I've had several false starts trying to write about Willa Cather's MY ANTONIA. I'm still crazy about Cather's clean prose, this time a first-person "memoir" by Jim Burden, a Virginian transplant to the Nebraska plains. Widely seen as Cather's stand-in, Jim knows what Cather knows: that the immigrant girls are way more interesting than the "American" ones, that vast expanses of land can be both beautiful and stifling, that a woman can gain great satisfaction through independence (and often "men's" work), and that tolerance of other cultures and religions is the Right Way to Live.
But each time I sit down to write about this book, I get stuck on this paragraph:
"Good evening, gentlemen. No ladies here? Good evening, gentlemen. We going to have a little music? Some of you gentlemen going to play for me this evening?" It was the soft, amiable Negro voice, like those I remembered from early childhood, with the note of docile subservience in it. He had the Negro head, too; almost no head at all, nothing behind the ears but folds of neck under close-clipped wool. He would have been repulsive if his face had not been so kindly and happy. It was the happiest face I had seen since I left Virginia.
Oh my. It's hard to keep from flinging the book across the subway car and grabbing the bible of the lady next to me, just to rinse out my brain. Cather has broken almost every modern rule of sensitive depiction: from the love-our-darkies Southern nostalgia to the farm-animal comparison. ("Wool?") Okay. Deep breath. Read on. It's an old book, remember?
Cather's Jim goes on to describe how this black man became a pianist, and the story is compelling and fairly sensitive. As a little boy, this servant's son, blind, eavesdrops on the piano lesson of this young rich (white) girl. When he hears everyone leave the room, he sneaks in through the window and imitates what he has just heard on the keyboard. The teacher and the student both recognize the boy's talent, and nurture it through advanced classical schooling. The poor maid's son becomes a piano-playing star.
Cather was as PC liberal as it got back her day. Butch, almost-out lesbian, always striving for diversity in her fiction, depicting Latinos, Eastern Europeans, and Scandinavians, both poor and wealthy, with a level of sensitivity we expect even in today's literature.
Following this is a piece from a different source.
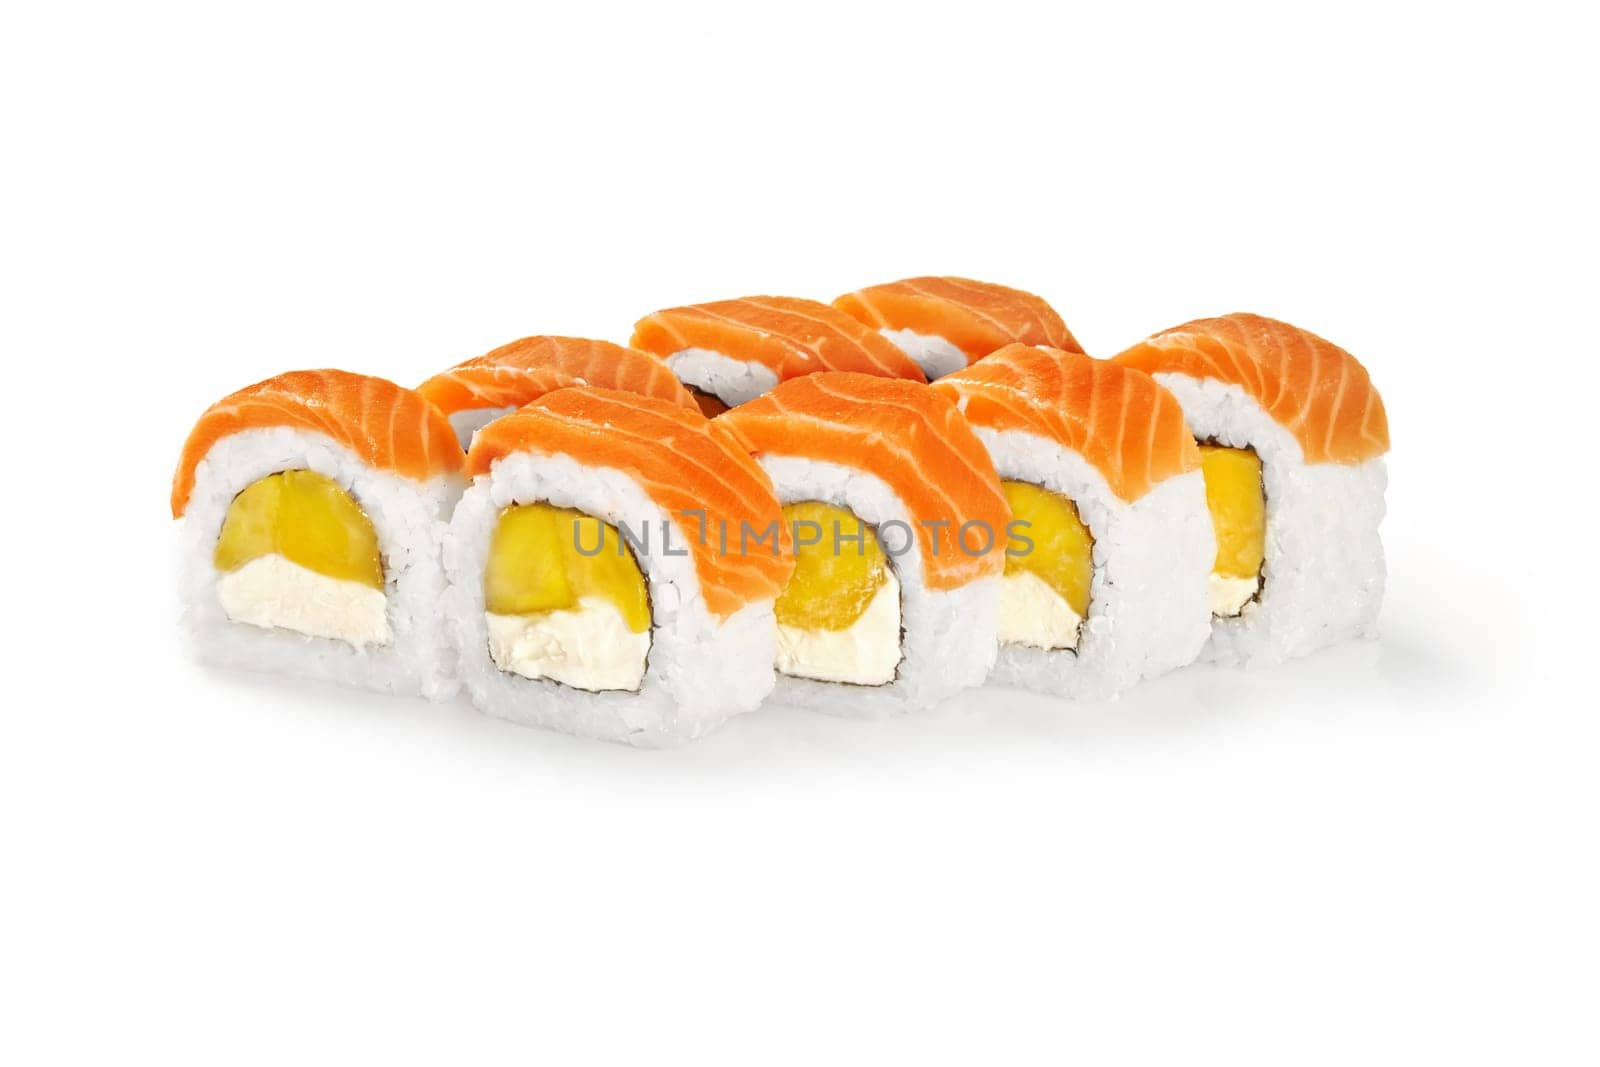 Salmon sushi rolls with cream cheese and mango on white by nazarovsergey
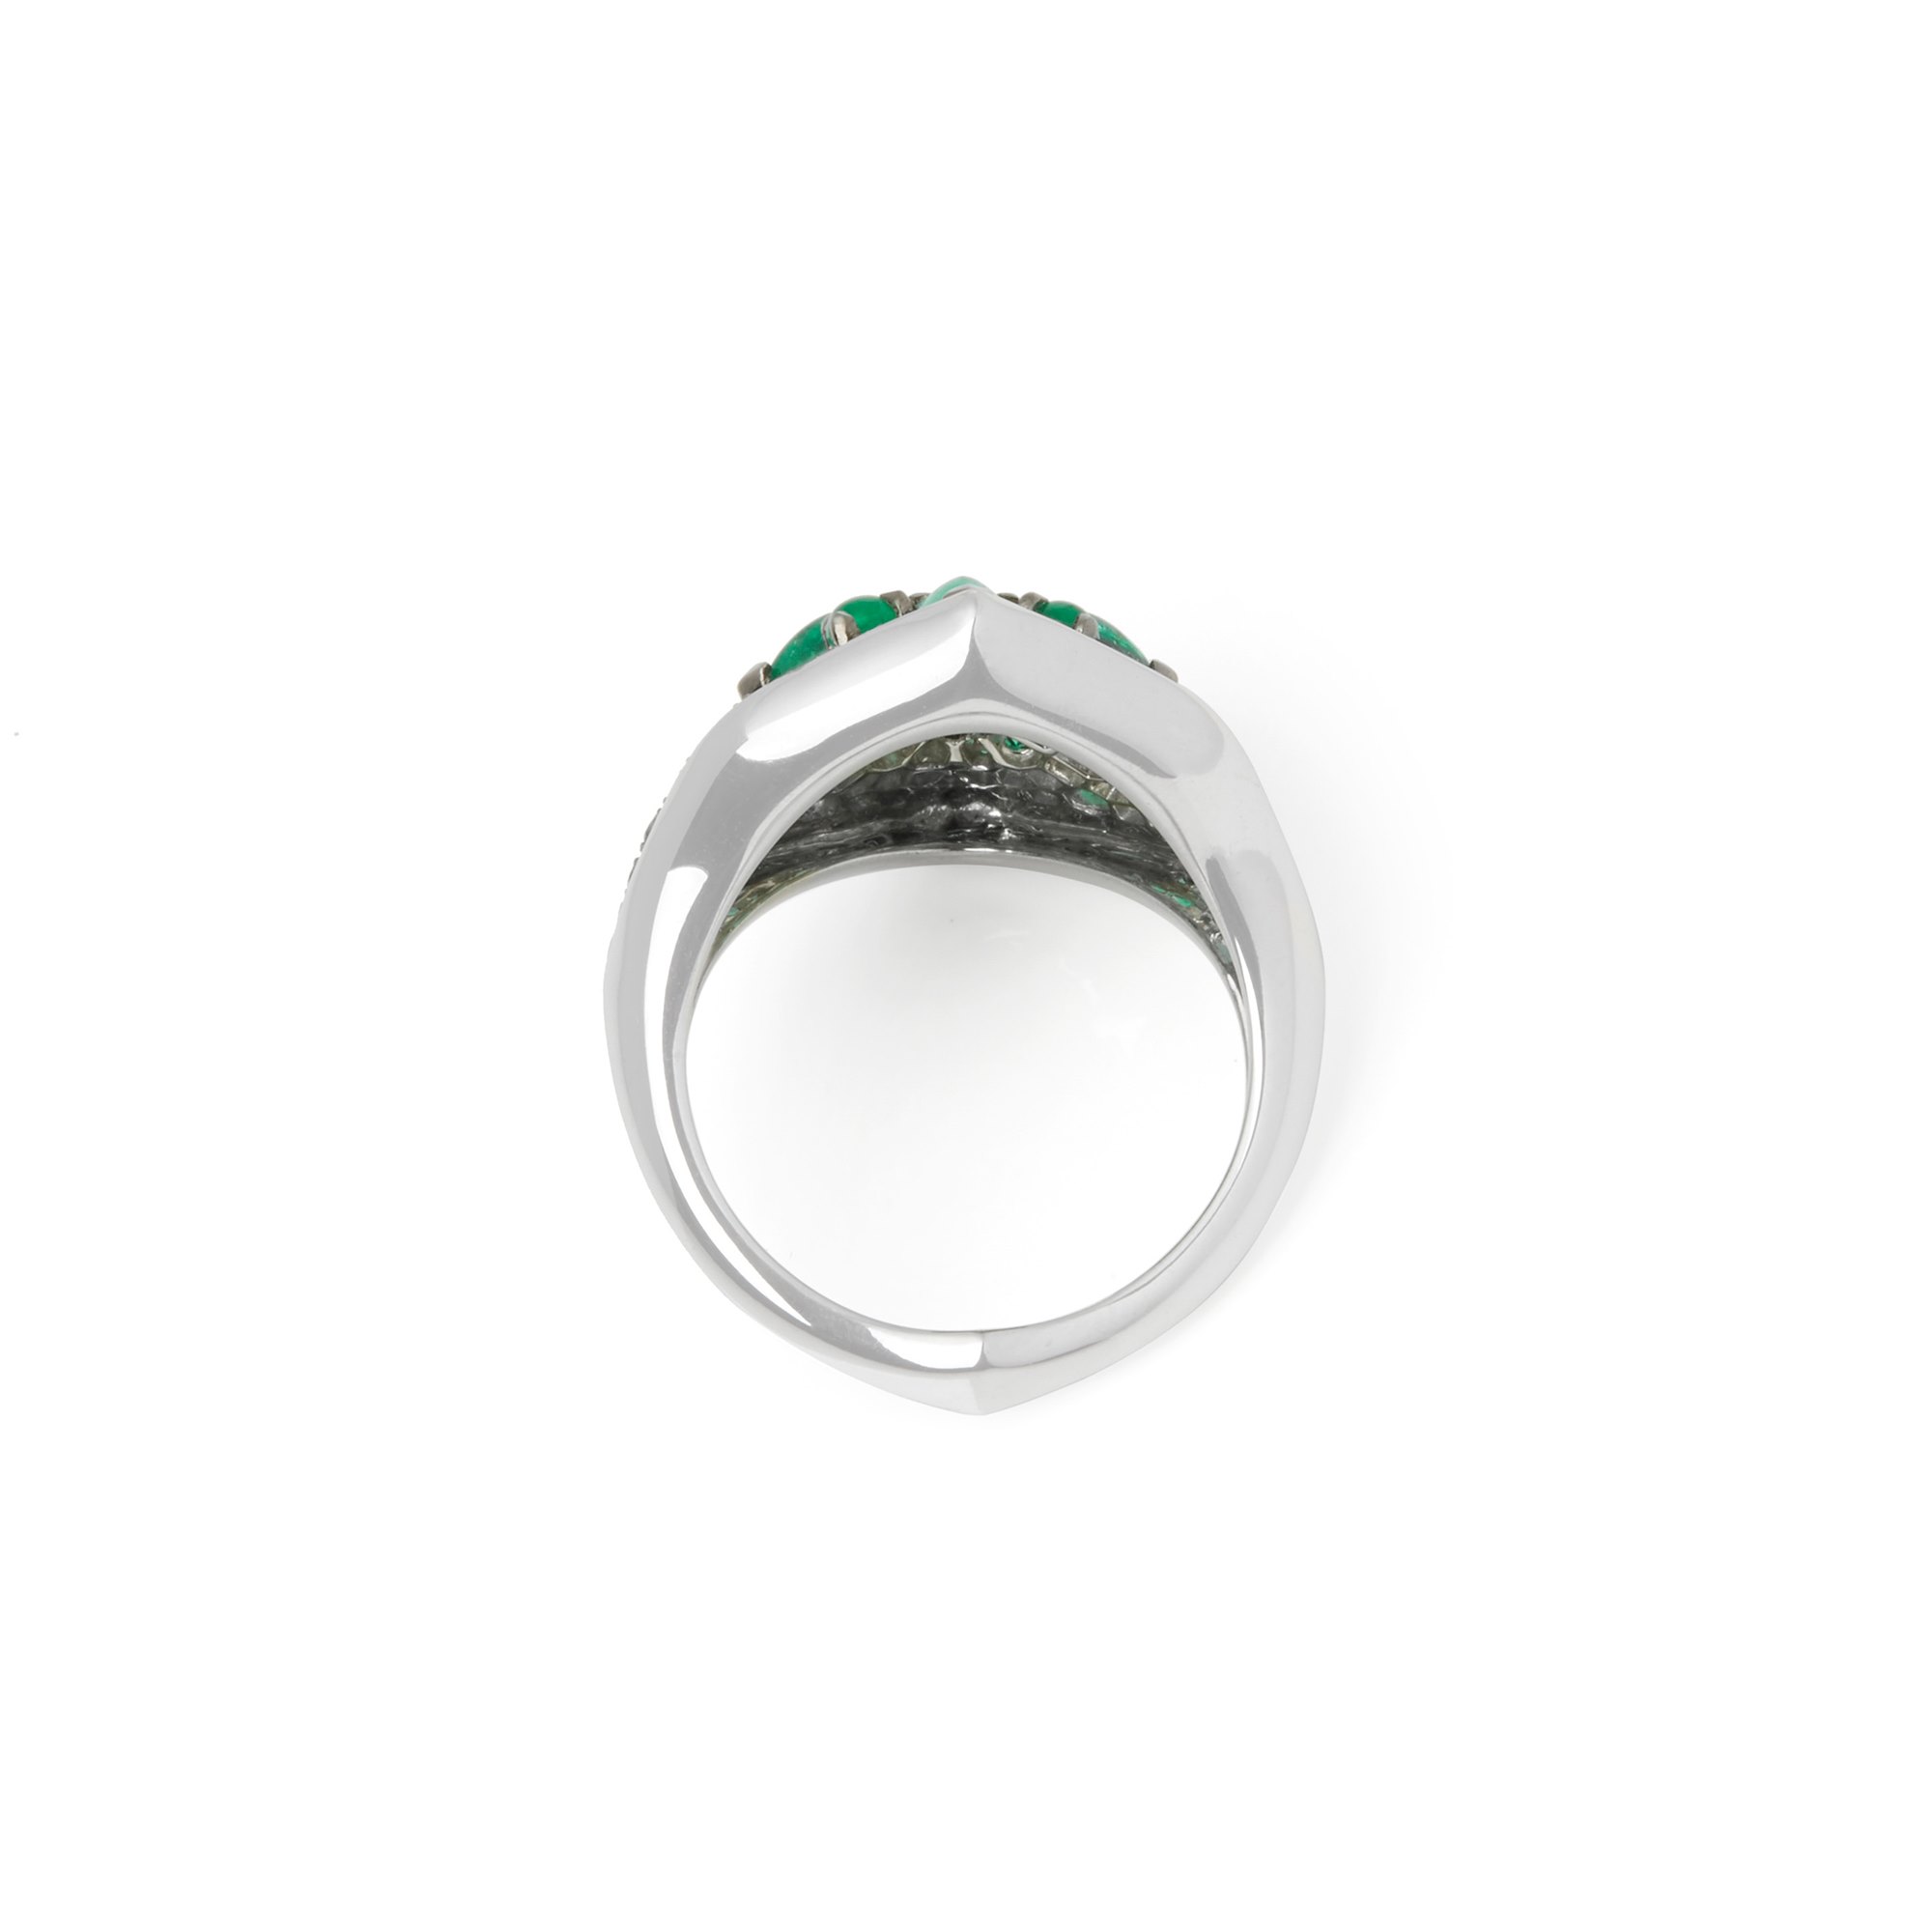 Stephen Webster 18ct White Gold Belle Epoque Emerald Ring

So how on earth did this one sickening paragraph make it into print?
Truth is--and this is what I fear--the most earnest among us cannot see our prejudice. We can't predict the evolution of language. (Look what's happened to "queer" and "nigga" in the last 20 years.) What is provacative in one way today will likely be provocative in another way tomorrow. What's harmless background music today will become tomorrow's hurtful cliche. Our words outlive us. Can we trust future literary historians to cut us some slack?
And what other solution is there for writers? Should we avoid writing about diverse populations for fear of accidentally offensive language? If we believe in diversity and tolerance, isn't this kind of segregation a scarier solution? If it's "write what you know," are we only allowed to "know" people who are exactly like us? (Which is pretty near impossible in my neighborhood?)
Or, do we do like Cather and dive into the work, and make peace with the fact that we will probably offend some day? Isn't clumsy writing about race better than none at all?
I've decided to cut MY ANTONIA a little slack--maybe my white skin makes it easier--after all, HUCKLEBERRY FINN has been cut slack for years. And I've decided to cut myself some slack too. Ethnically diverse characters carry specific risks for writers of any race, primarily the big narrative cliches: fascination with "other," the collecter/colonialist/Jungle Fever syndrome. Or the opposite: the story of triumphant assimilation--How I Became a Real American Too--LOOK! ALL HUMANS ARE THE SAME!
For me, the truth is somewhere in the middle, in the awkward, painful moments when characters notice their own prejudices. Like this one, from MY ANTONIA:
Mr. Shimerda rose, crossed himself, and quietly knelt down before the [Christmas] tree, his head sunk forward. His long body formed a letter "S." I saw grandmother look apprehensively at grandfather. He was rather narrow in religious matters, and sometimes spoke out and hurt people's feelings. There had been nothing strange about the tree before, but now, with some one kneeling before it--images, candles...grandfather merely put his finger-tips to his brow and bowed his venerable head, thus Protestantizing the atmosphere.
and after Shimerda leaves Jim's house:
As we turned back to the sitting-room, grandfather looked at me searchingly. "The prayers of all good people are good," he said quietly.
This is overwhelmingly the message of the novel, that the immigrants teach as much as they need teaching, and that the learning is humbling for all involved. I heartily recommend MY ANTONIA, for the history lesson, for the voice, and for the fleshy primary characters. But you might want to skip page 118.